* [Activity]
Output the records precisely as they stand. Pictures are to be skipped.

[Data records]
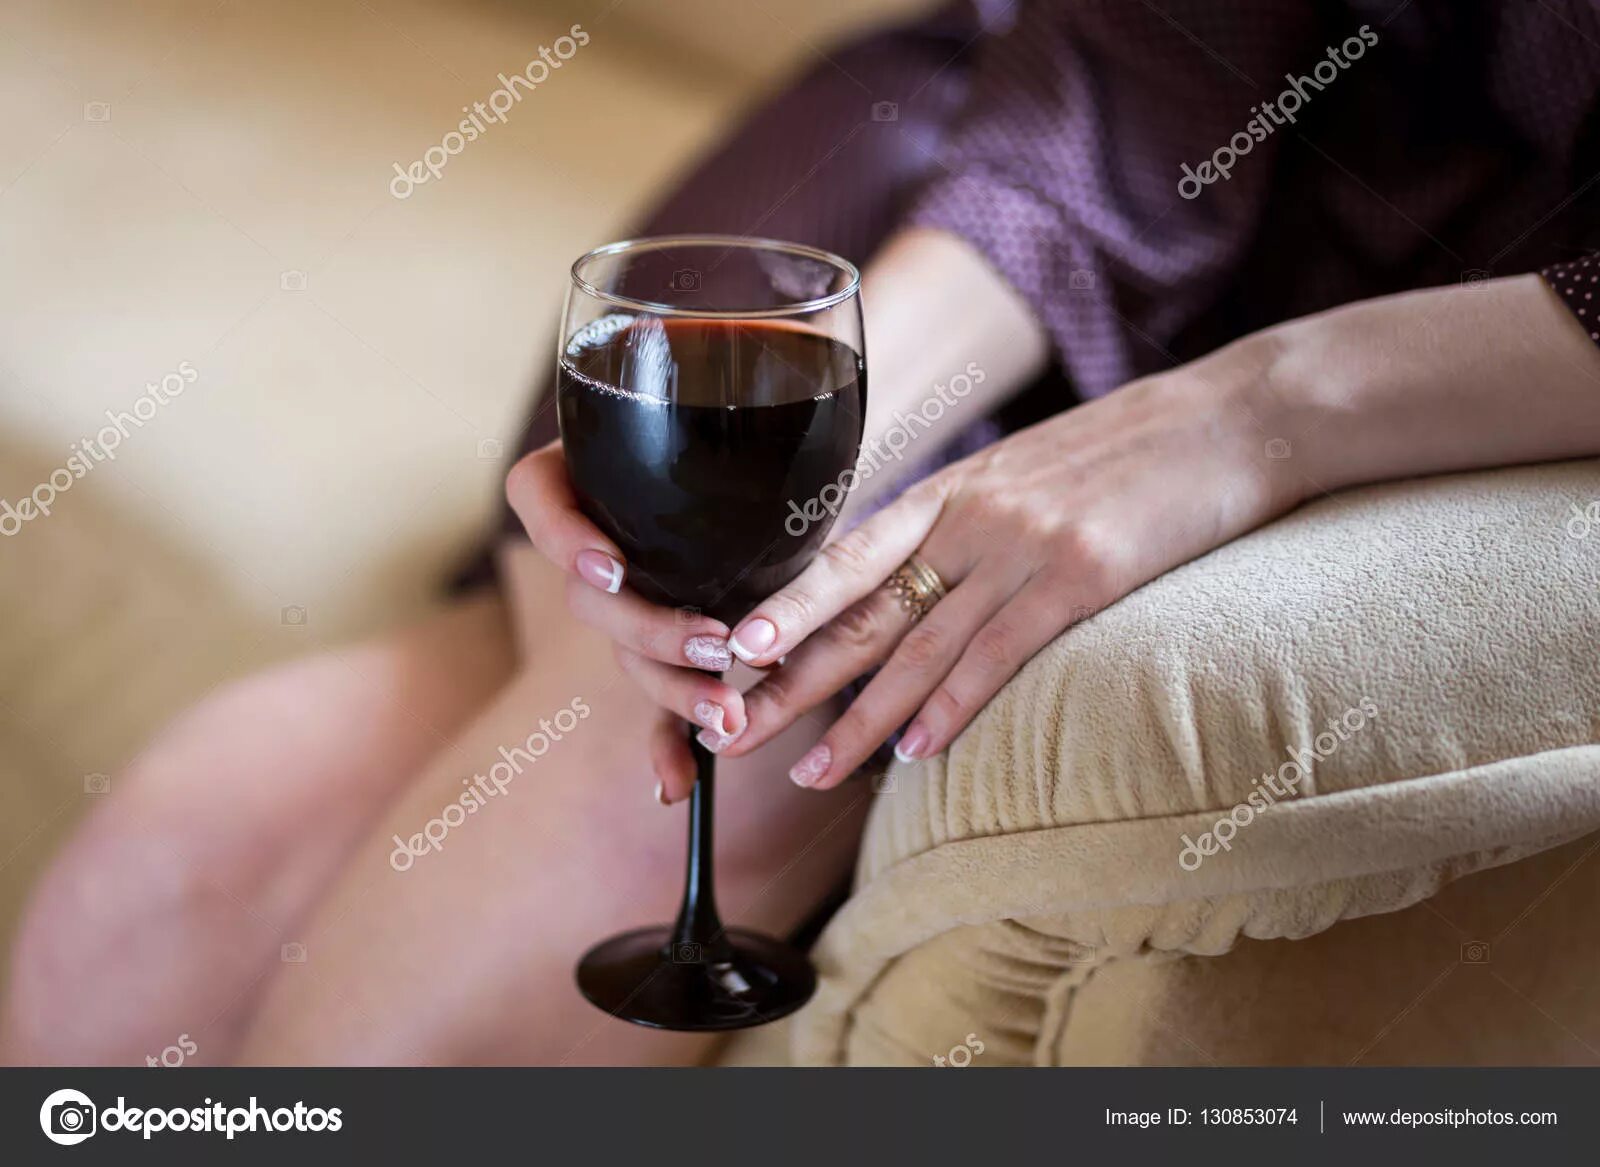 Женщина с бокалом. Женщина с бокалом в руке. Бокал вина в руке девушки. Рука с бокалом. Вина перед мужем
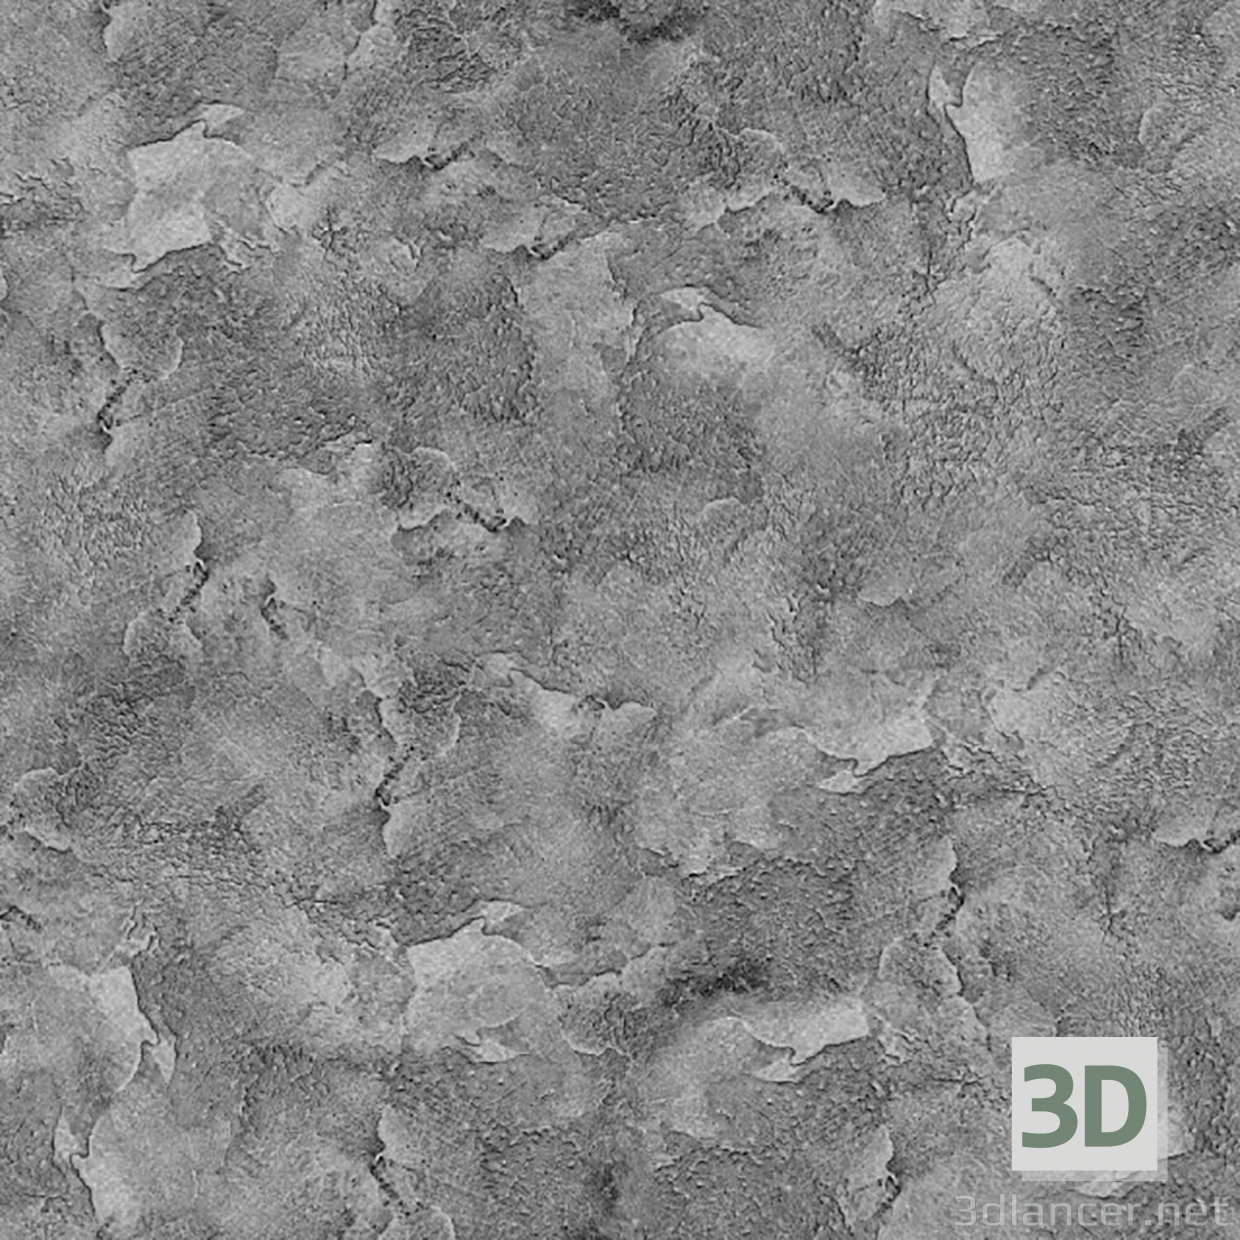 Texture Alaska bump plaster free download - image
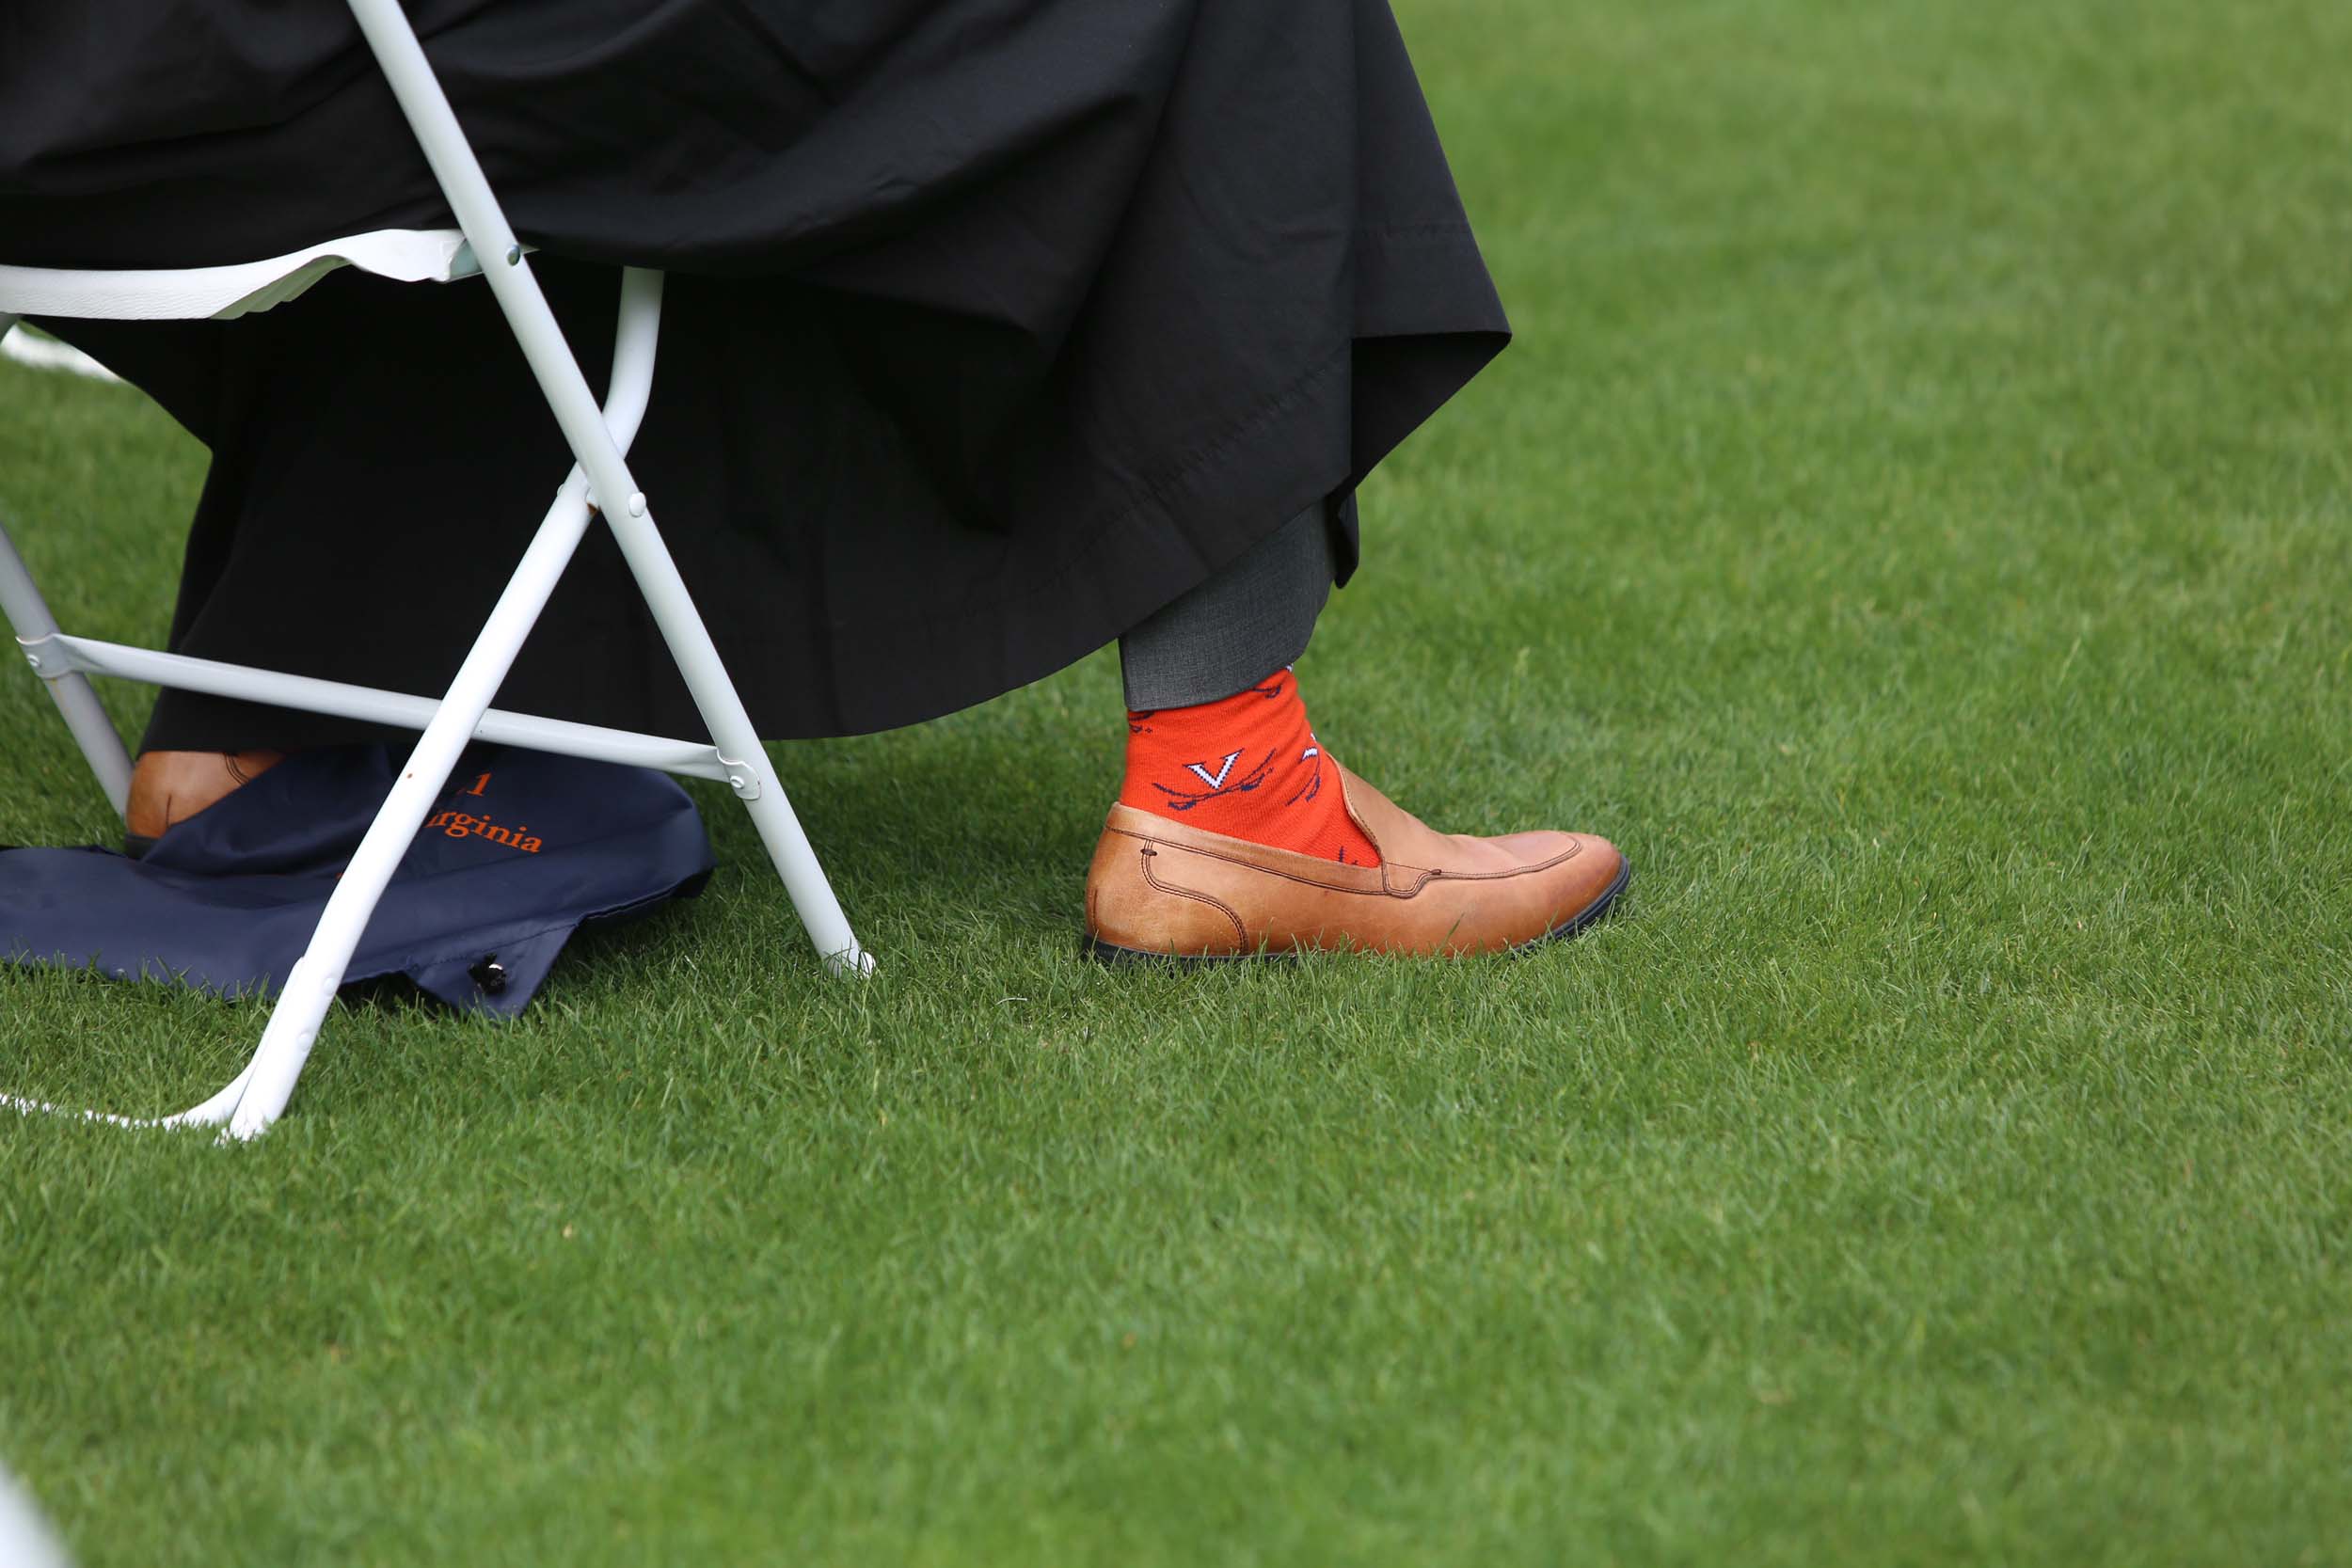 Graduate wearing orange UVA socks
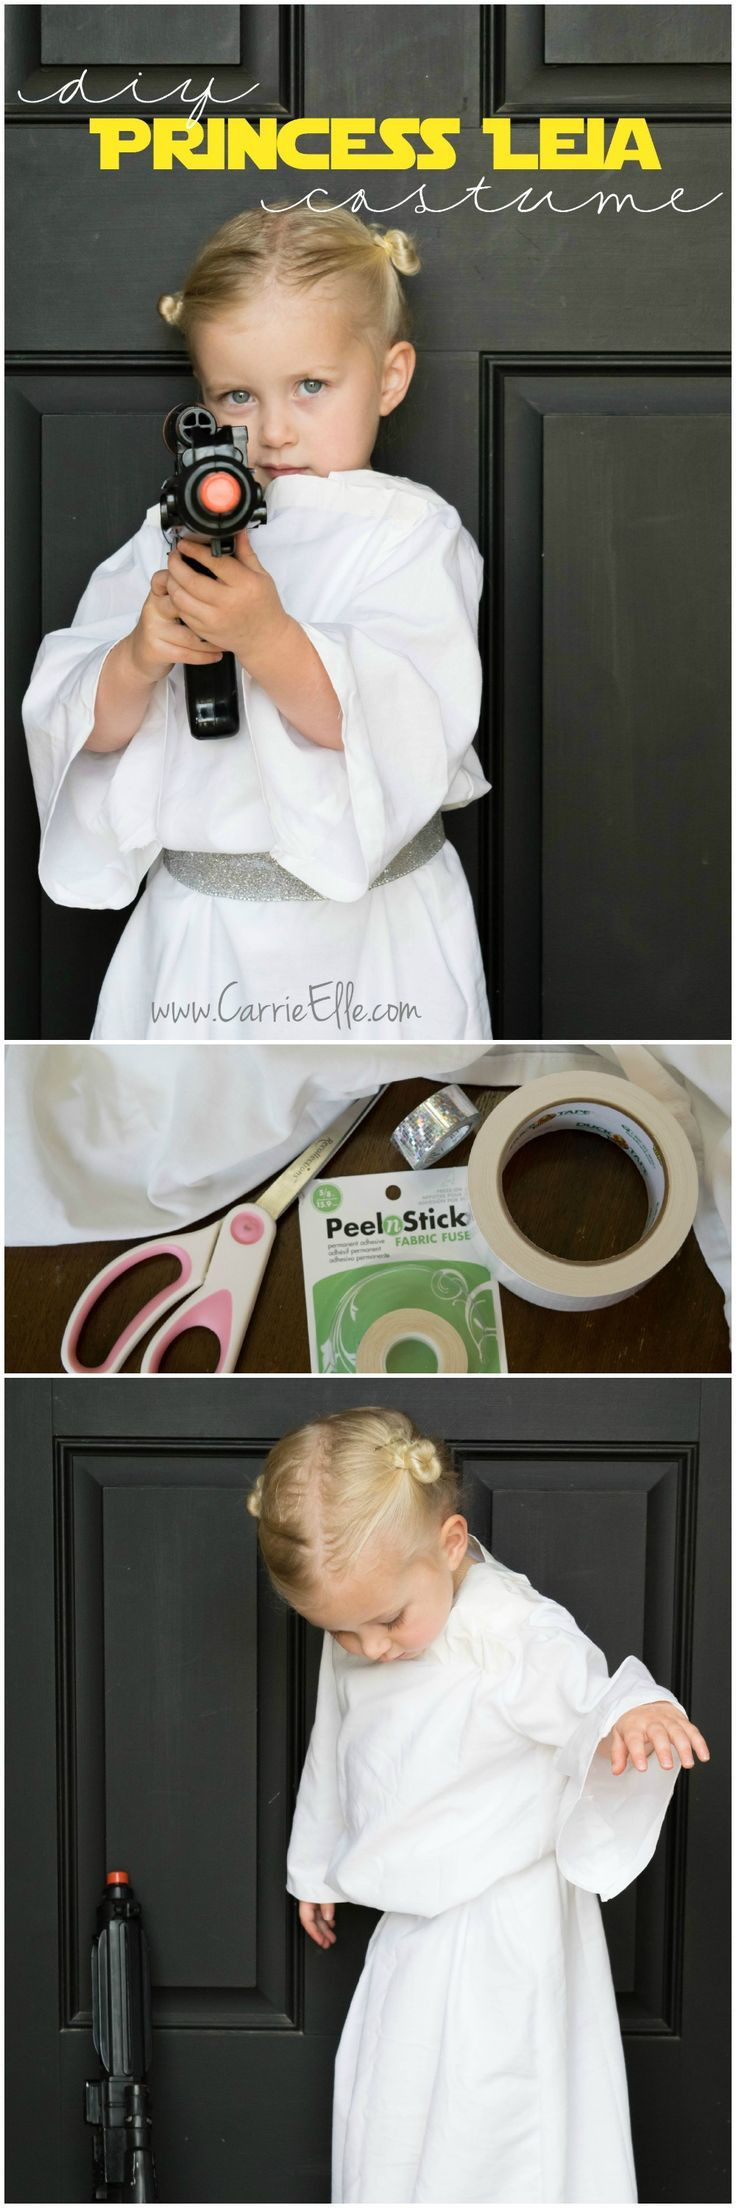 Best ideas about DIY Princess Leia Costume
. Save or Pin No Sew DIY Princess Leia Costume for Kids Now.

* [Answer to this problem]
 Женщина с бокалом. Женщина с бокалом в руке. Бокал вина в руке девушки. Рука с бокалом. Вина перед мужем
 Texture Alaska bump plaster free download - image
 Graduate wearing orange UVA socks
 Best ideas about DIY Princess Leia Costume
. Save or Pin No Sew DIY Princess Leia Costume for Kids Now.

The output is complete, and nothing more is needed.